We are quite happy really. There is always a risk of overdeveloping. We cannot take more than 16 meal guests, and we already have 23 beds. It all becomes a bit awkward. We don’t want to lose the exclusivity and genuineness.

Is that why it is not signposted from the road, so that your guests will be left in peace?

Yes, if they pay to stay here, people shouldn’t suddenly come walking in the forest and look in through the windows. That’s not great. If people are curious, they should book instead. Though it does happen that people call and are curious, and if we don’t have any guests, we may let them come and have a look anyway. What do you do to treat yourselves? We feel that we have everything we need here, so when we have a quiet moment, we have so many lovely places to be in, so we like to enjoy what we have created.

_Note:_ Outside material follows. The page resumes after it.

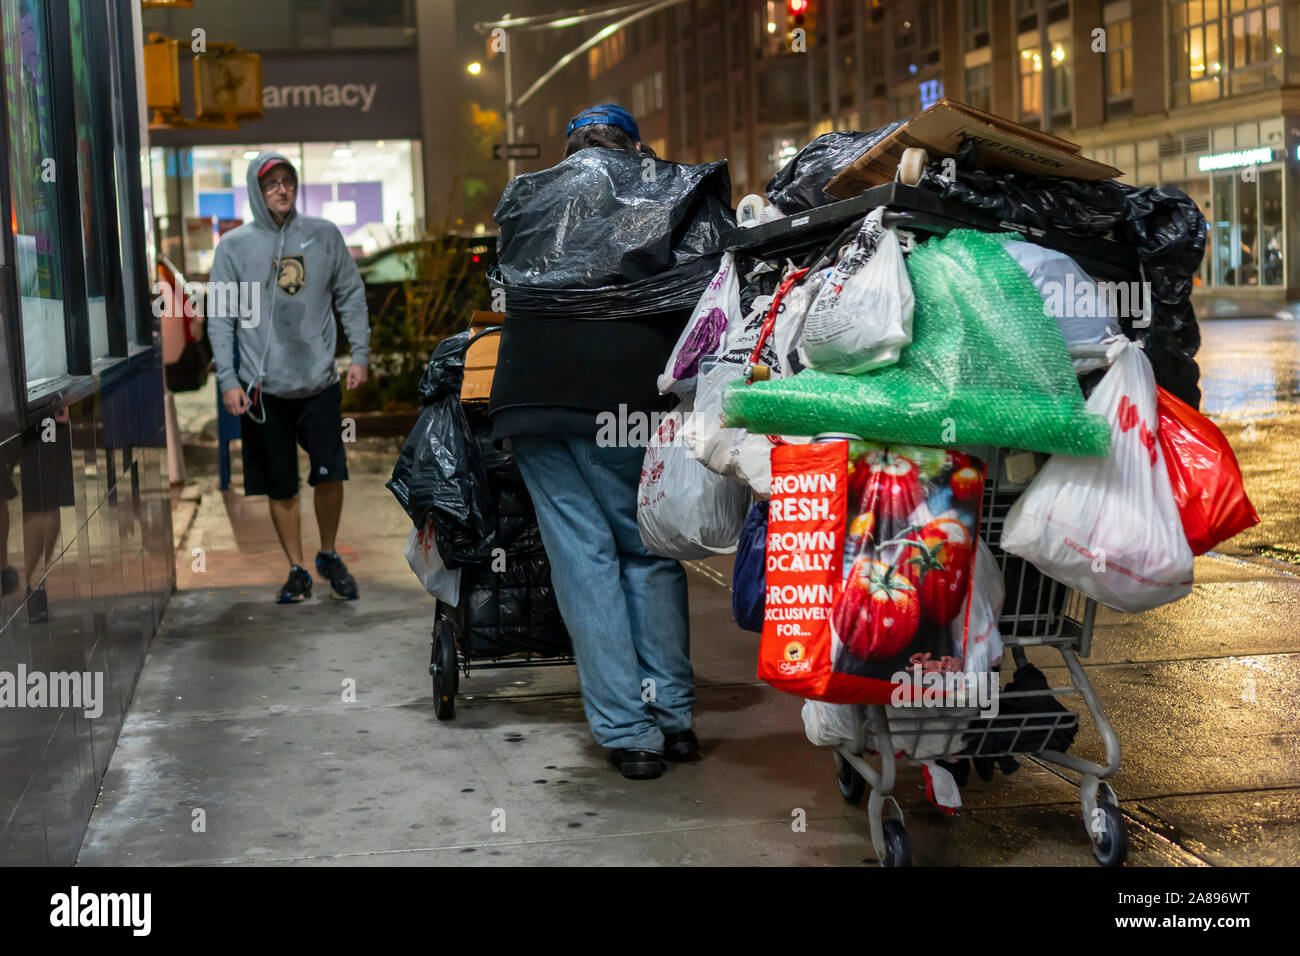 A homeless man with his possessions in the Chelsea neighborhood of New York on Tuesday, October 29, 2019. (© Richard B. Levine) Stock Photo
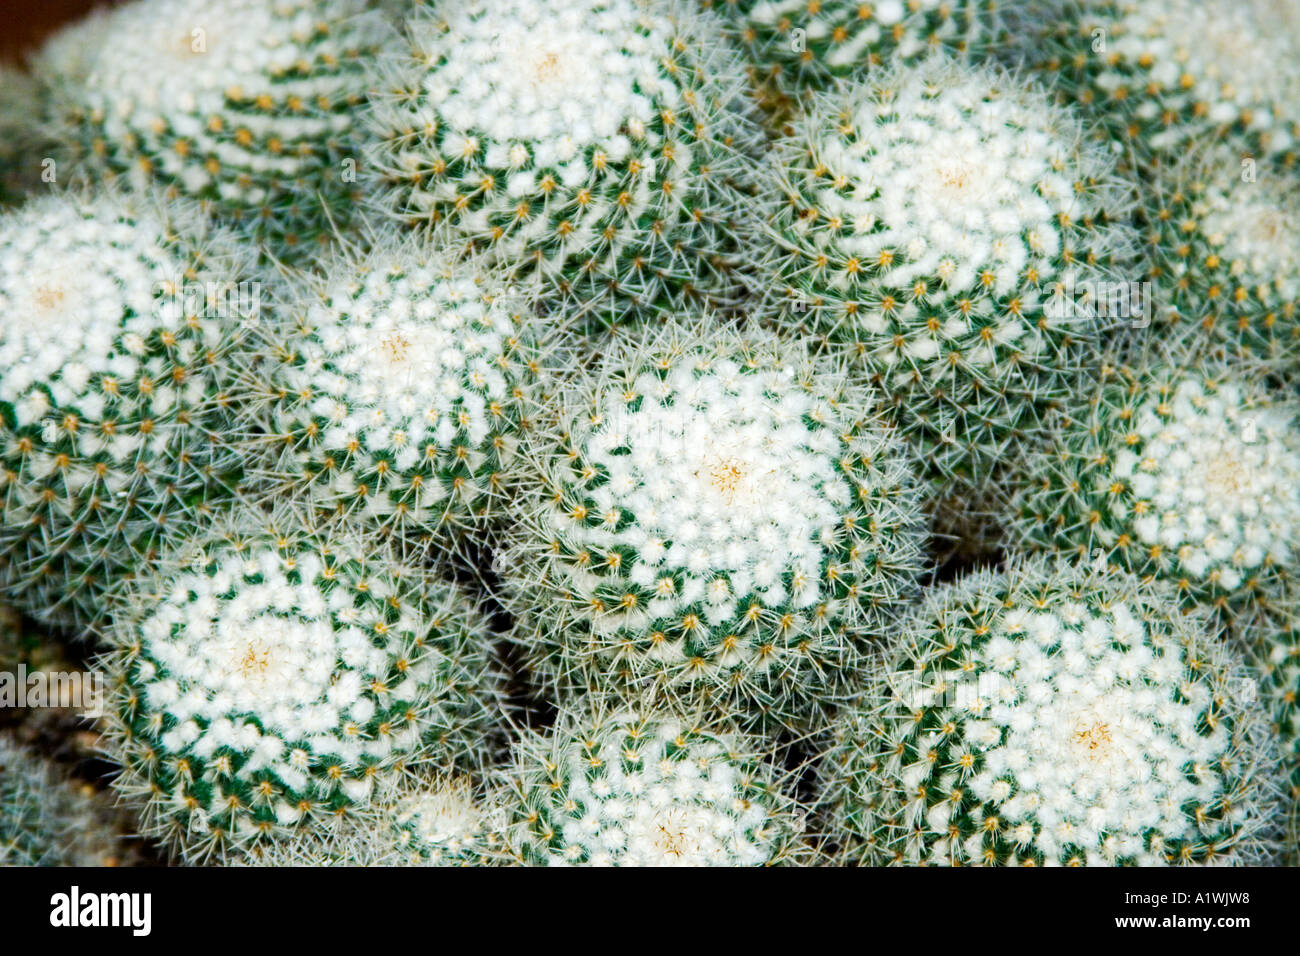 The Mammillaria compressa often called the Mother of Hundreds from the Cactaceae family. Stock Photo

Urnatur, is it your life’s work?

Yes, in a way I suppose we have tied ourselves down here, but at the same time we both make sure we remind ourselves that we chose this, and if we should get tired of it and feel that we don’t want to do it anymore it wouldn’t be good, so then we would have to hand over to someone else.

As the raw dampness in the air has got under my skin, I end the evening with a good session in the wood-burning sauna. Clad in just a towel, I then fumble about quickly to my wooden house. It is pitch black so I navigate by the light from the lit paraffin lamp that shines through the windows and makes the house look like the Holaved Forest has had an inquisitive visit from outer space.